Memory, all alone in health care?

If you want to go fast, go alone.  If you want to go far, go together.  – African proverb

I am sometimes asked which of my past experiences has helped me most in my current work at North Star. I’m not quick enough to give my best answer on the spot, so I usually mumble something about years working on public-private partnerships. Afterwards though it comes to me: Memory!

No not memory the noun, Memory the game! You know, the one where you take all the cards and line them up face down, and then turn them over two at a time and try to make matching pairs?

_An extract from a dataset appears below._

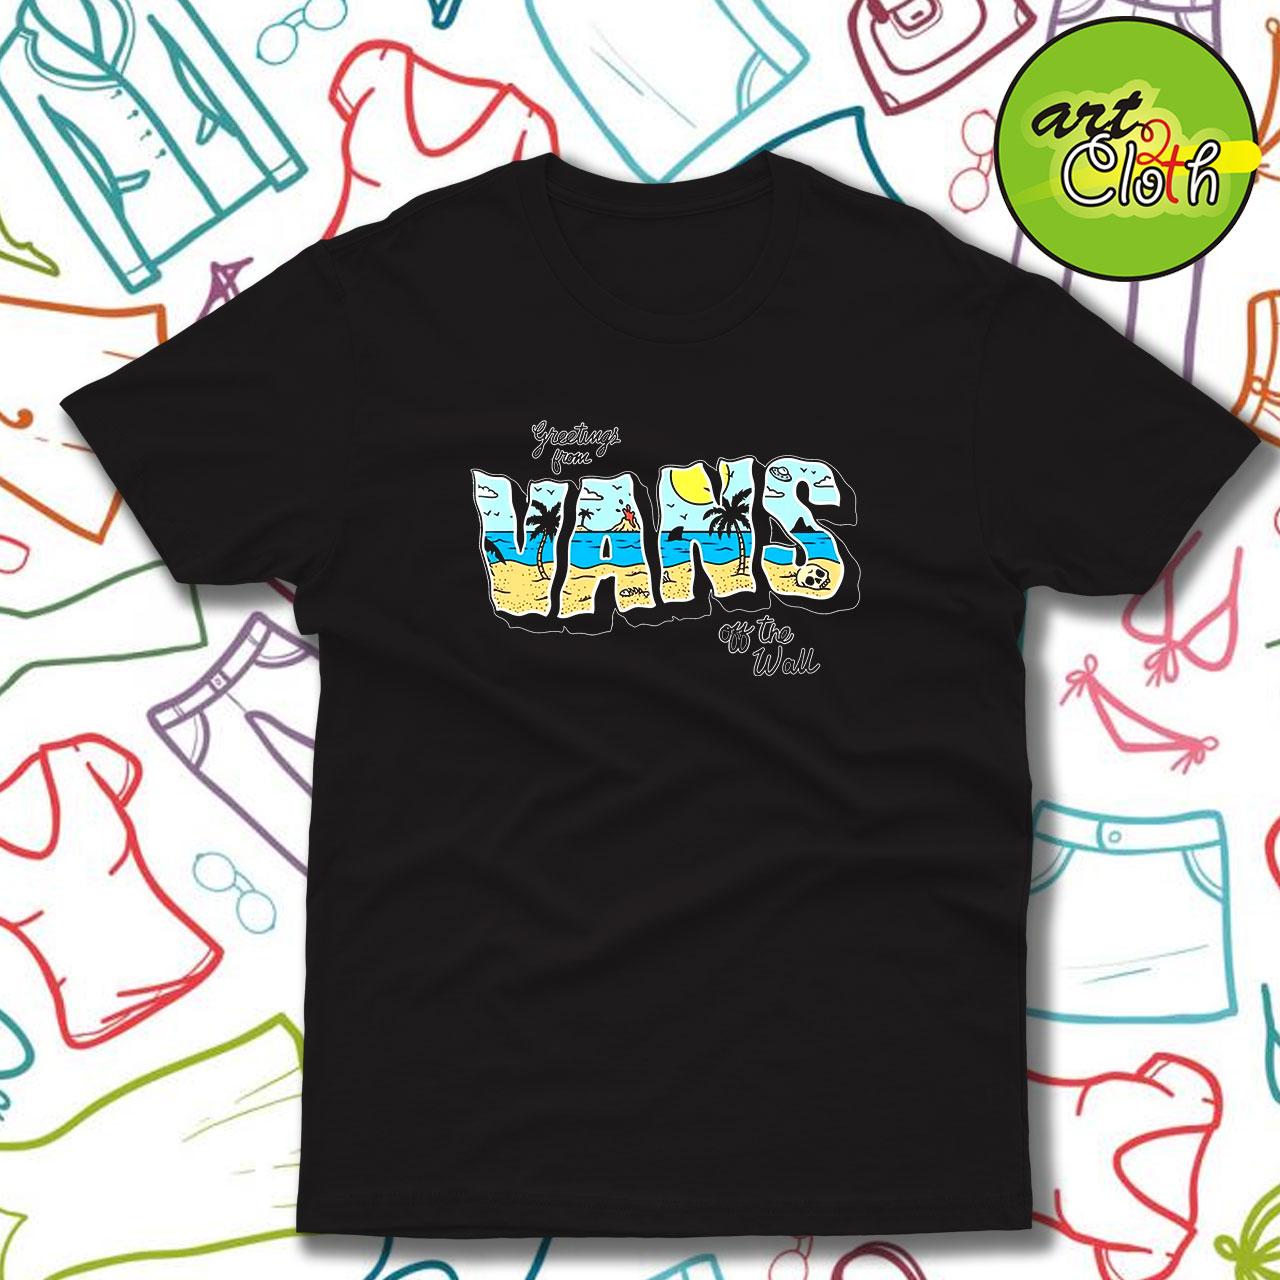 vans summer 90s t shirt custom t shirts design art2cloth com art2cloth com

North Star works with more than sixty different partners to provide health care at 21 roadside health clinics in nine countries. This year we’ll double that number of clinics and probably add just as many new partners, all of which contribute in different ways (cash, in-kind); at different levels (local, national, regional, international) and with different motivations (occupational health, personal health, public health).

Our partners are bound together by a common goal: to stop the spread of disease by reducing risk and improving health care for people on the move. But it turns out that a shared goal doesn’t translate into shared needs. Meeting and matching all those different needs makes up a lot of what we do here at North Star. We’re constantly turning over new opportunities and then trying to match them with others that we’ve already uncovered.

Is all the match-making worth it? Aren’t all the meetings a drain on energy and resources? Don’t the compromises affect the quality of service? Wouldn’t it be easier just to do it “our way, everyday?”

The answer to all these questions is “yes”… in the short run. It is quicker, easier and cheaper to set up roadside health clinic alone. (Trust me: we’ve tried it!) But without the support of partners – public and private –  it is much more expensive and difficult to sustain it, and the overall impact is reduced. (Trust me again: we’ve learned this one the hard way!)

Our experiences over the last four years have reaffirmed for me what wiser people discovered long ago: health is a collective endeavour. No single group or organization can deliver “it” on their own. If it takes a village to raise a child, it takes almost the entire world to keep them healthy. Think about it: from too much stress at work to the Mexican flu, illness stems from many sources. Equally, the scan at the airport that stopped SARS from reaching your community, and the malaria medicine grown in China prevent and treat sickness. It takes  companies, communities and countries to provide a full continuum of care and well-being. Like the environment, health is an undeniable tribute to the adagium: we’re all in it together folks.

So if we’re all in it together, why aren’t we all spending more time talking to each other and trying to match our competences and discover new synergies? The most common answer is that “it’s too difficult”. Nonsense! You probably learnt the most important skills as a child. Game of Memory anyone?